LG pulls out of the smartphone market

LG confirmed yesterday that it will exit the smartphone market. The company’s statement stated that this decision will allow the company to focus on growth areas such as electric vehicle components, connected devices, smart homes, robotics, artificial intelligence and business-to-business solutions, as well as resources such as platforms. and services.

Phones currently on the market remain on sale. LG says it will continue to support its products “for a period of time, which varies by region.” The company said nothing about possible layoffs, except that “details of employment will be determined at the local level.” LG said it expects the smartphone unit to close at the end of July this year.

LG’s move has been talked about for several months after the smartphone division has suffered massive losses in the past five years. Once seen as a competitor to South Korean manufacturer Samsung, LG’s recently launched high-tech smartphones have struggled to compete, while the company has had to compete with Chinese rivals releasing more affordable mobile phones. However, LG had previously said it hoped to make its smartphone division profitable by 2021.

The latest news means that LG’s screen that can be rolled up for a long time is unlikely to come to light. When the company last demonstrated this device at this year’s virtual CES show, we realized the device was real and would be released later this year.

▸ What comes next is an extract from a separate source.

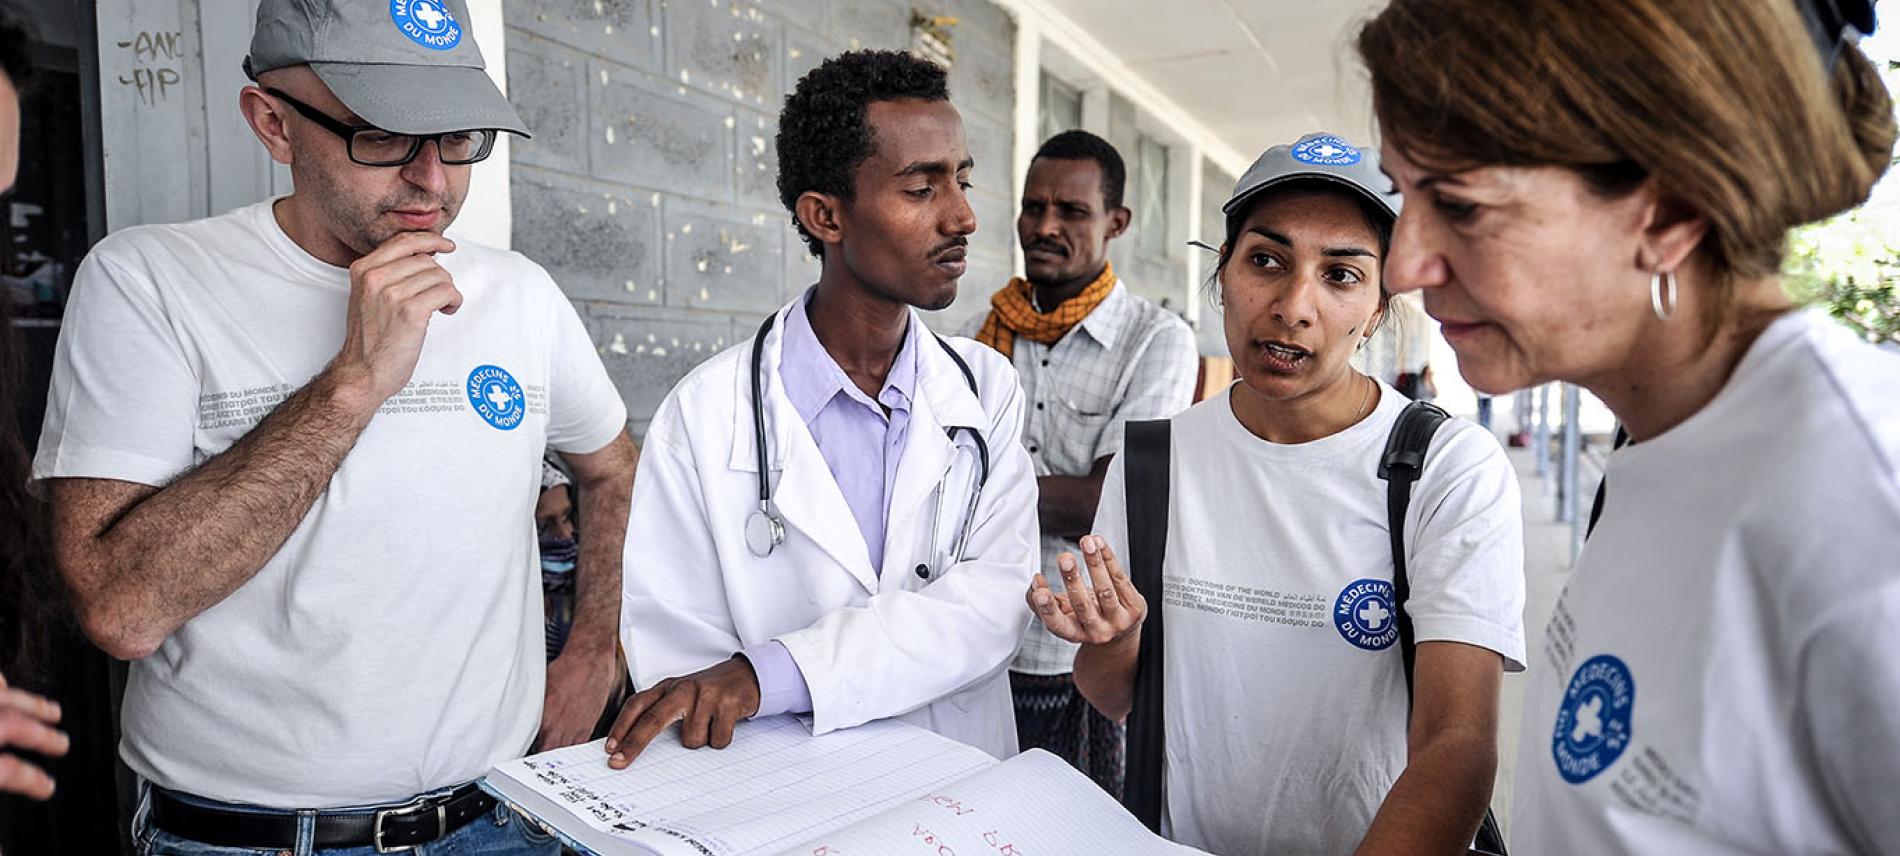 Ärzte der Welt-Mitarbeiter besprechen sich mit dem Personal eines Gesundheitszentrums in Äthiopien. Foto: Quentin Top
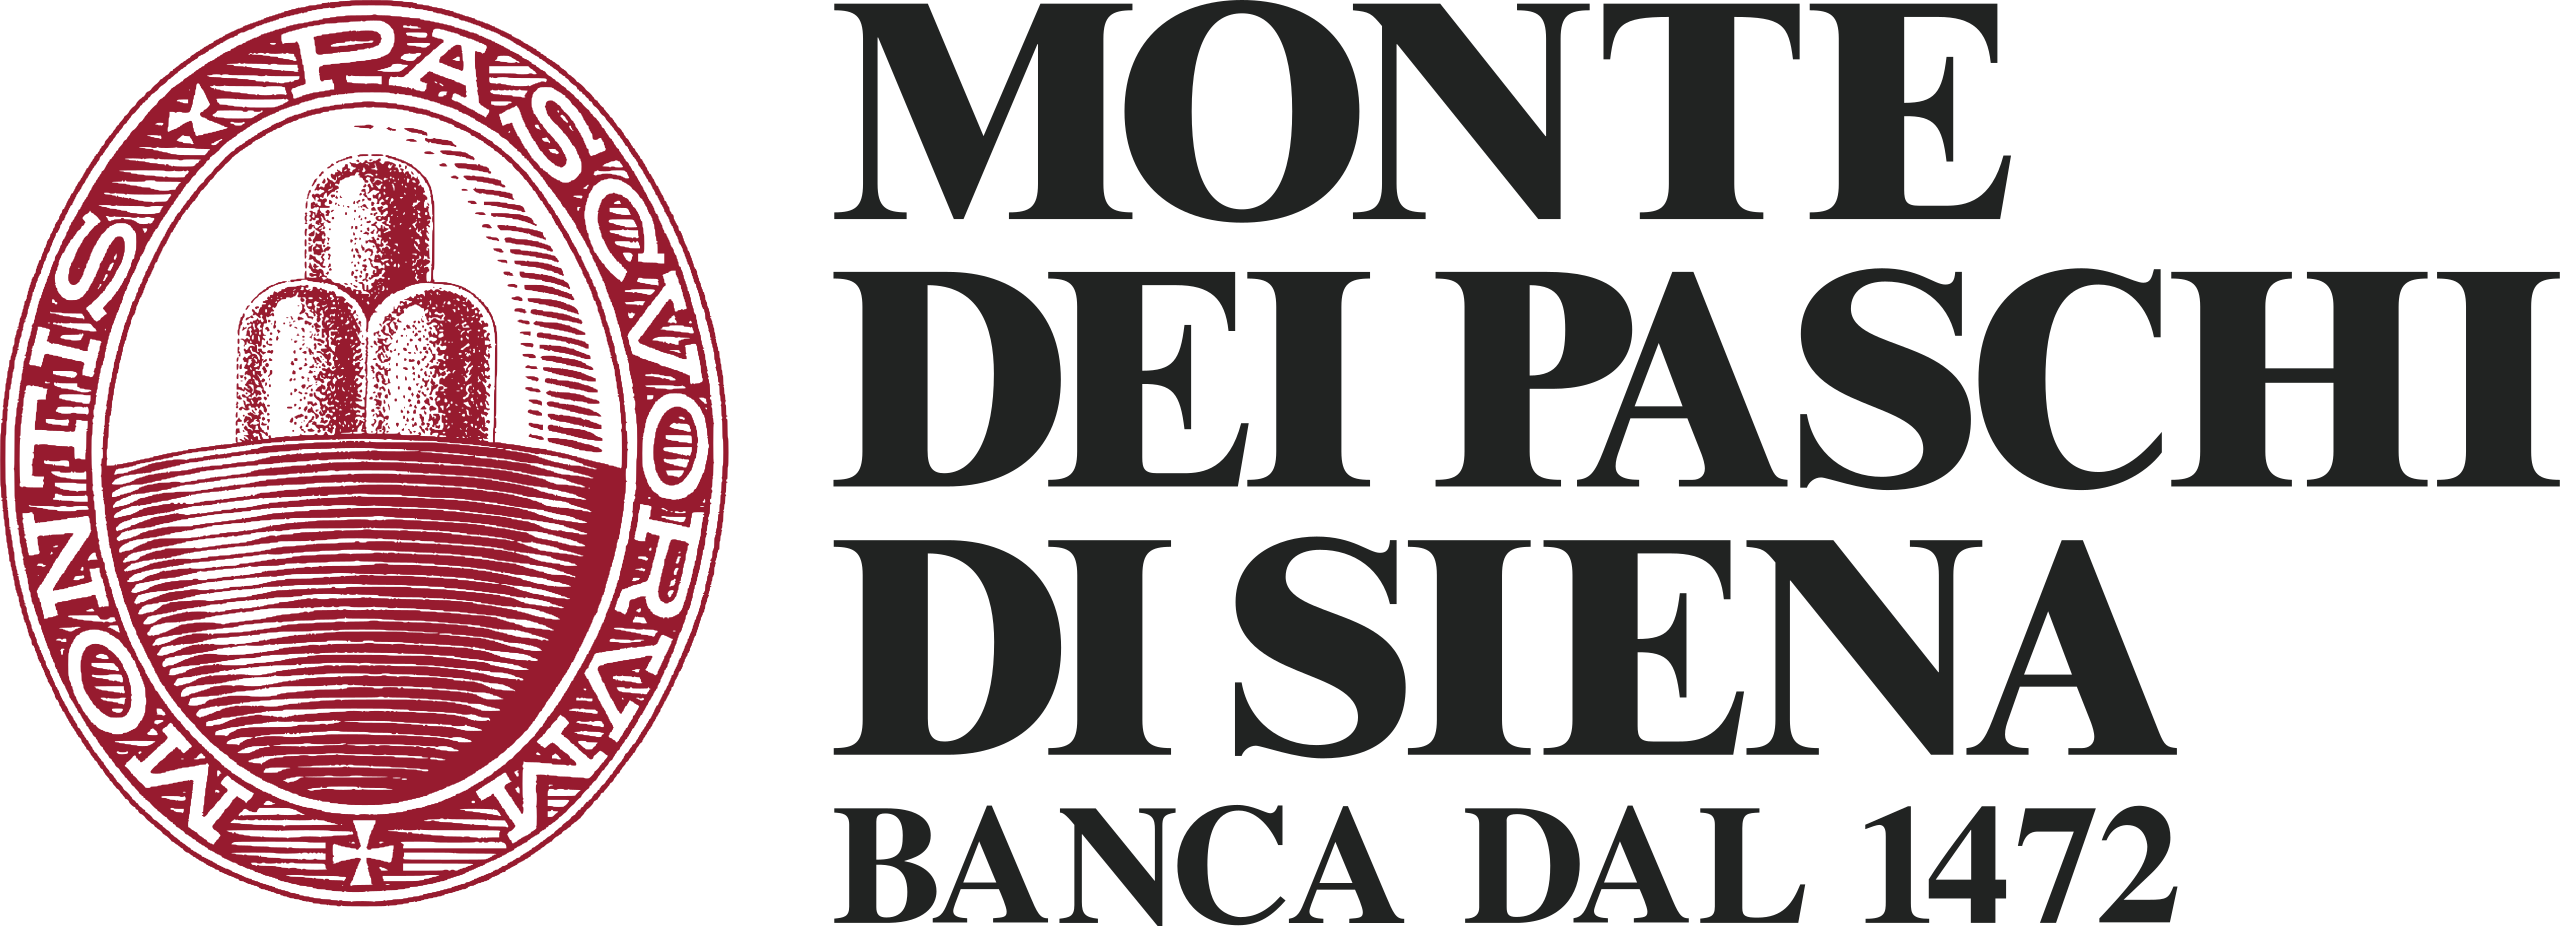 Monte_dei_Paschi_di_Siena_logo

Reports and analysis have been circulating that LG is considering giving up smartphones, at least since the beginning of this year. A company spokesperson described an earlier report on the company’s possible exit from the smartphone business as “ utterly false and unfair, ” but later confirmed to The Korea Herald that the company needed to make a logical decision about the division. The official said at the time that possible measures could include “the sale, withdrawal and downsizing of the smartphone business.”

In March, reports surfaced that the company was looking for a buyer for the smartphone business, but talks had stalled and could close the division instead. South Korean broadcaster DongA has suggested that the company has halted development of its expected rollable screen phones and shelved its planned smartphones for the first half of this year.

LG tried interesting ideas for the smartphone market
As LG has lost its share of its competitors, it has launched a line of eye-catching devices with unconventional shapes. They had the LG Wing, whose main screen turned to show a smaller secondary screen underneath, or their recently released dual screen devices. In addition, the idea of ​​a modular smartphone with the LG G5 was evaluated years ago, but this trial was discontinued a year later.

Unfortunately for LG, none of these features were useful enough to turn their phones into devices of great popularity. Meanwhile, the company’s more traditional phones lagged behind competitors in key areas such as camera performance.

With this decision, LG has joined a long list of high-profile device manufacturers that have pulled out of the smartphone market over the years. Later, however, we witnessed third-party manufacturers acquire the usage rights of major brands. Will there be a similar situation for LG, we will see over time. For example, while Nokia’s consumer-focused brand lives on phones manufactured by HMD, Blackberry’s brand was originally used by TCL and returns this year with a device manufactured by OnwardMobility. Let’s not forget HTC, which still sells a few low-profile phone models, but sold most of its intellectual property to Google in 2017.